Notes to Consolidated Financial Statements

December 31, 2025 and 2024

(13) Commitments and Contingencies

Guaranteed Service Levels

Certain customers have guaranteed levels of service with varying terms. In the event the Company is unable to provide the minimum service levels, it may incur penalties or issue credits to customers.

Litigation, Disputes, and Regulatory Matters

The Company is involved in various lawsuits, billing disputes, legal proceedings, and regulatory matters that have arisen from time to time in the normal course of business. Management believes there are no proceedings from asserted and unasserted claims which if determined adversely would have a material adverse effect on the Company’s financial position, results of operations or liquidity other than as discussed below.

RHC Program

GCI Holdings receives support from various USF programs including the RHC Program. The USF programs are subject to change by regulatory actions taken by the FCC, interpretations of or compliance with USF program rules, or legislative actions. The USF programs have also been subject to legal challenge, which could disrupt or eliminate the support GCI Holdings receives. Changes to any of the USF programs that GCI Holdings participates in could result in a material decrease in revenue and accounts receivable, which could have an adverse effect on GCI Holdings' business and the Company's financial position, results of operations or liquidity. As of December 31, 2025 and 2024, the Company had net accounts receivable from the RHC Program in the amounts of approximately $52 million and $69 million, respectively, which is included within Trade and other receivables in the consolidated balance sheets.

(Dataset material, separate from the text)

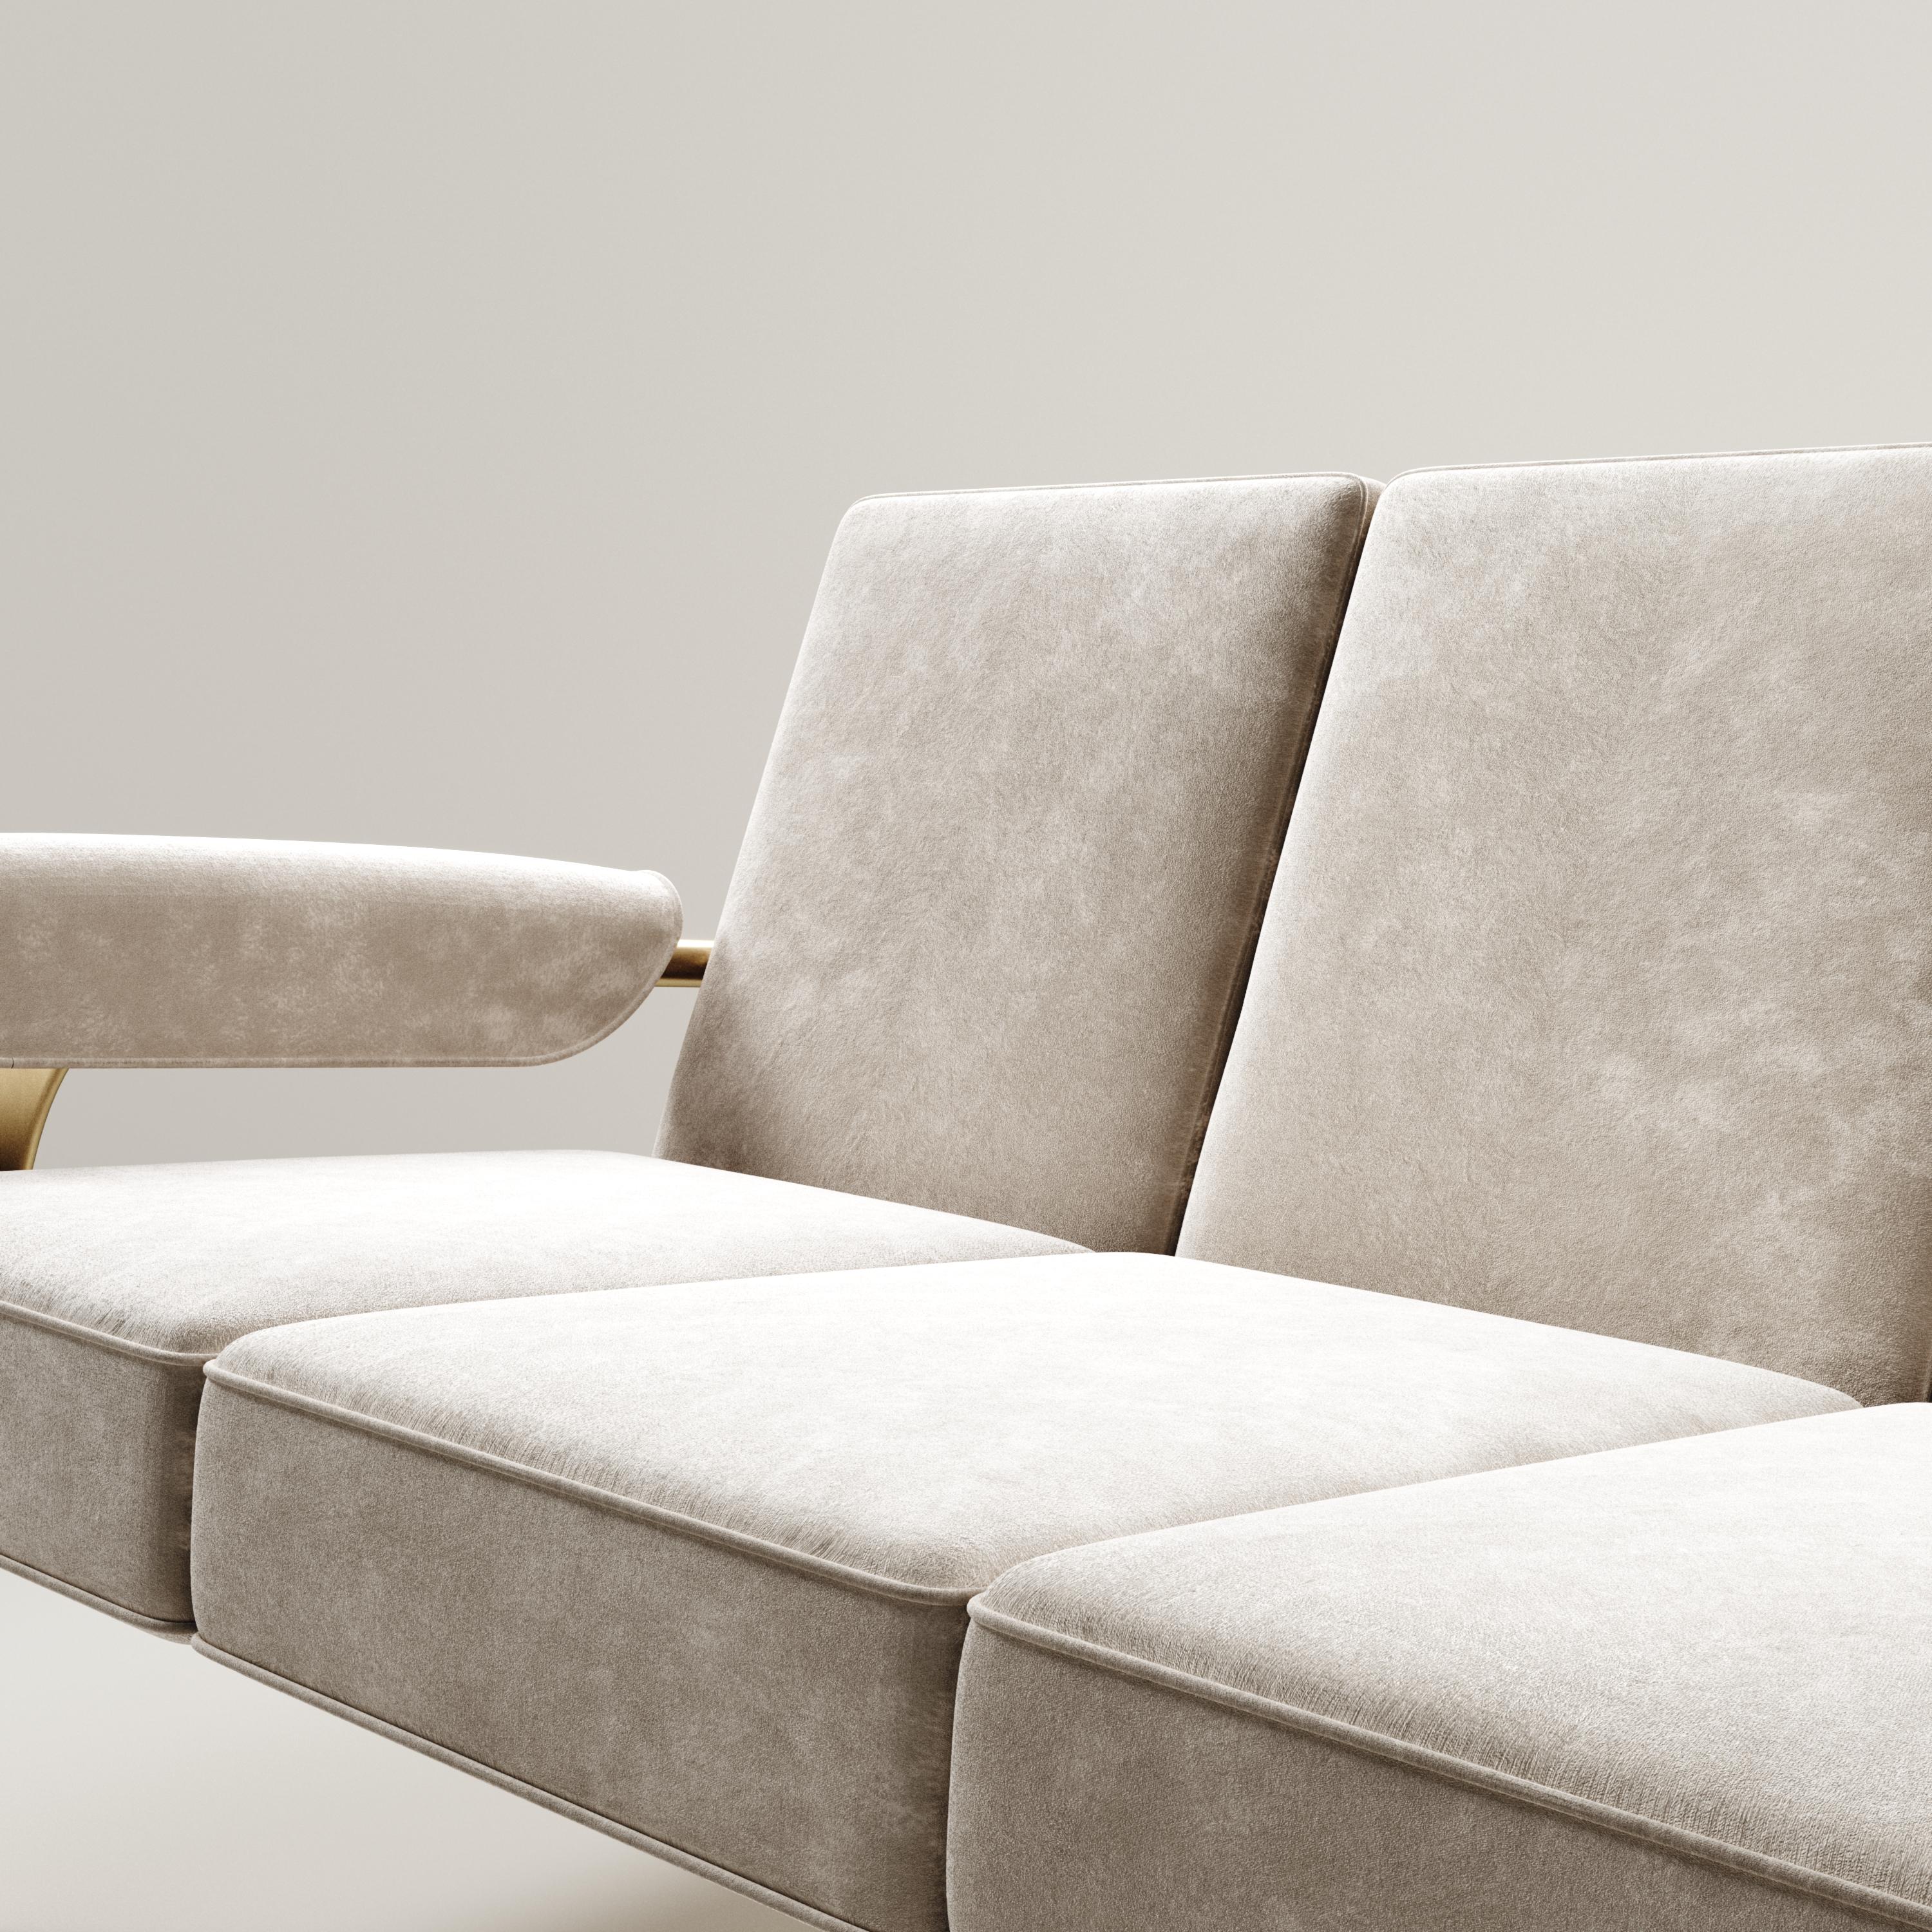 Das Sofa Ramo von R & Y Augousti ist ein elegantes und vielseitiges Möbelstück. Die Polstermöbel bieten Komfort und bewahren mit dem Gestell und den Details aus Messing in Bronze-Patina eine einzigartige Ästhetik. Dieses Angebot ist für

The rates that GCI and other carriers can charge for services provided under the RHC Telecommunications Program are highly regulated by the FCC.  FCC rules provide that a telecommunications carrier can only charge a rural rate that is the average of rates actually being charged to commercial customers, other than health care providers, for identical or similar services in the rural area where the health care provider is located.  If that is not available, the rural rate must be the average of tariffed or other publicly available rates charged in that area over the same distance by other carriers.  If there is no rate available using rates actually being charged by GCI or other carriers, then, through the end of Funding Year 2026, which ends in June 2027, GCI may use a previously approved rural rate. If none of the preceding options are available, then the rate must be determined by a cost study submitted to the FCC or, for jurisdictionally intrastate services, to the state public utility commission. The RHC Telecommunications Program funds the difference between the rural rate and the urban rate, which is the amount that GCI must collect from the health care provider.  The FCC has an ongoing rulemaking proceeding addressing the RHC Program rules, how subsidies are determined and related processes.  GCI cannot predict which changes the FCC will adopt, and whether those changes will benefit or adversely affect GCI.

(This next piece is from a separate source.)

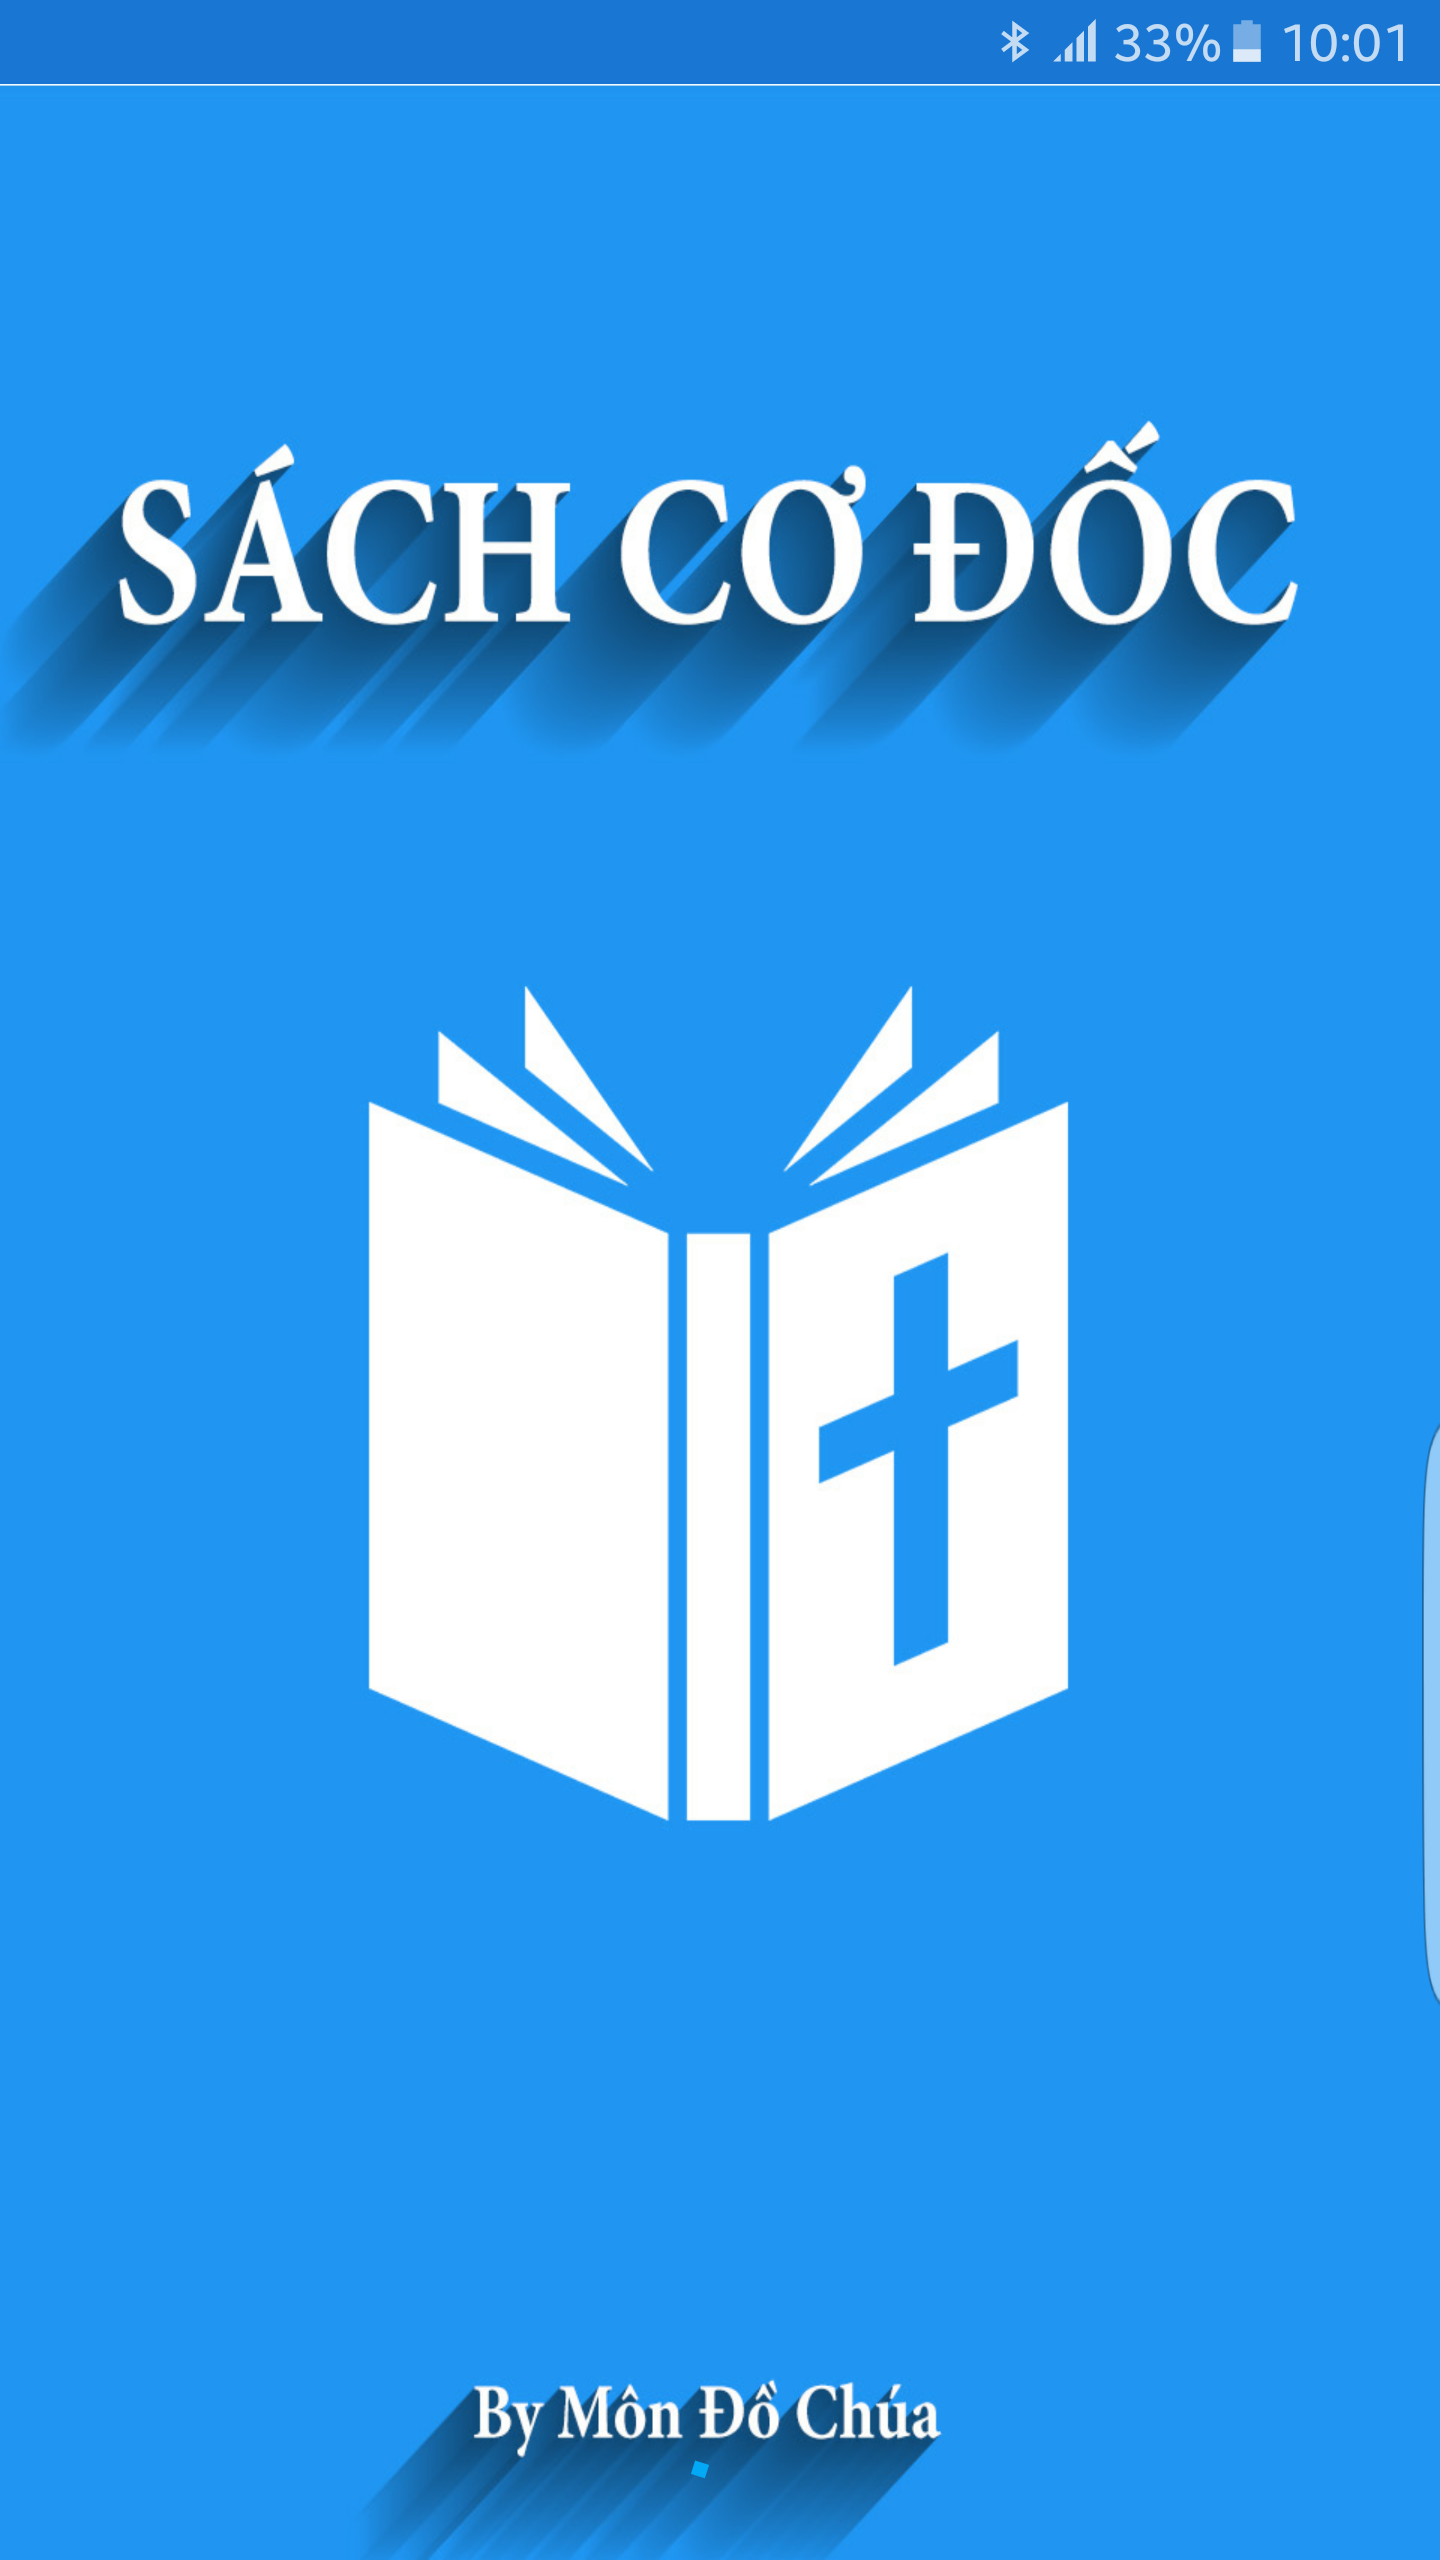 sachcodoc_intro

The RHC Program has a funding cap for each individual funding year that is annually adjusted for inflation, and which the FCC can increase by carrying forward unused funds from prior funding years. In recent years, including the current year, this funding cap has not limited the amount of funding received by participants; however, management continues to monitor the funding cap and its potential impact on funding in future years.  

In 2022, GCI Holdings became aware of possible RHC Program compliance issues relating to potential conflicts of interest identified in the historical competitive bidding process with respect to certain of its contracts with its RHC customers. GCI Holdings notified the FCC’s Enforcement Bureau (the “Bureau”) of the potential compliance issues; however, the Company is unable to assess the ultimate outcome of the potential compliance issues and is unable to reasonably estimate any range of loss or possible loss.

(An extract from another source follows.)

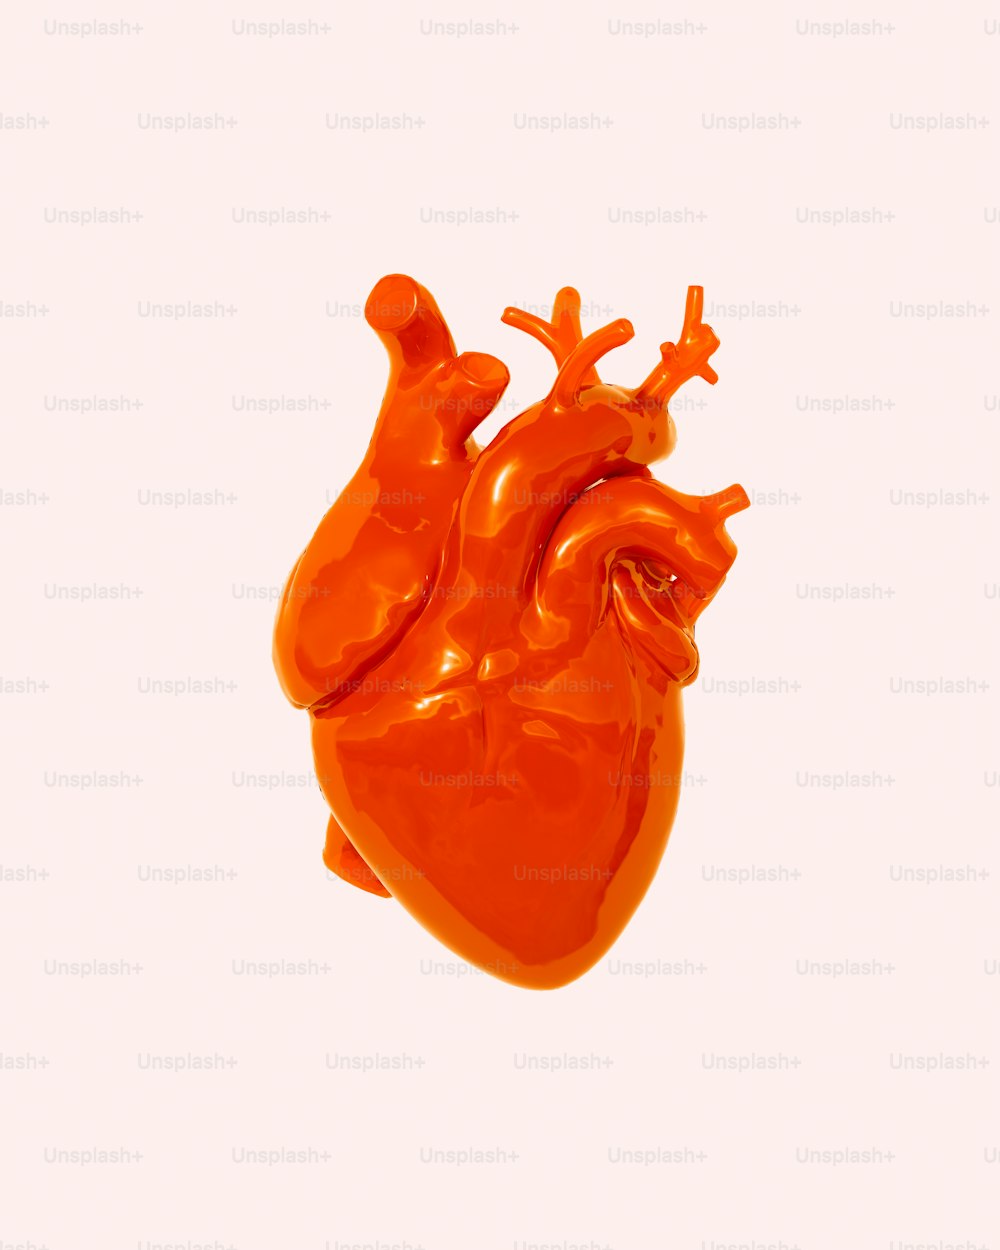 un objet orange en forme de cœur flottant dans l’air

In June 2024, GCI Holdings became aware that one of its submarine cable landing licenses had expired on February 1, 2024. On June 26, 2024, GCI Holdings filed a request for Special Temporary Authority to continue to operate

II-46

Table of Contents

GCI LIBERTY, INC.

Notes to Consolidated Financial Statements

December 31, 2025 and 2024

the station, which was granted on September 11, 2024. On September 25, 2024, GCI Holdings received a letter of inquiry from the Bureau stating that it was investigating potential violations of the Cable Landing License Act and promulgating questions. GCI Holdings responded to that inquiry on October 25, 2024. The Bureau transmitted a set of supplemental questions to which GCI Holdings responded on December 23, 2024. On August 8, 2025, GCI entered into a $10,000 settlement and a three-year consent decree, fully resolving this matter.

(14) Segment Information

GCI Liberty’s chief operating decision maker (“CODM”), the Chief Executive Officer, assesses performance and allocates resources based on the Company’s consolidated statements of operations, as the converged network requires the CODM to manage and evaluate the results of the business in a consolidated manner to drive efficiencies and develop uniform strategies. Accordingly, key components and processes of the Company’s operations are managed centrally, including capital and new technology development and deployment, customer service, marketing and advertising, legal and government affairs. Segment asset information is not used by the CODM to allocate resources. Under this organizational and reporting structure, the Company has one reportable segment.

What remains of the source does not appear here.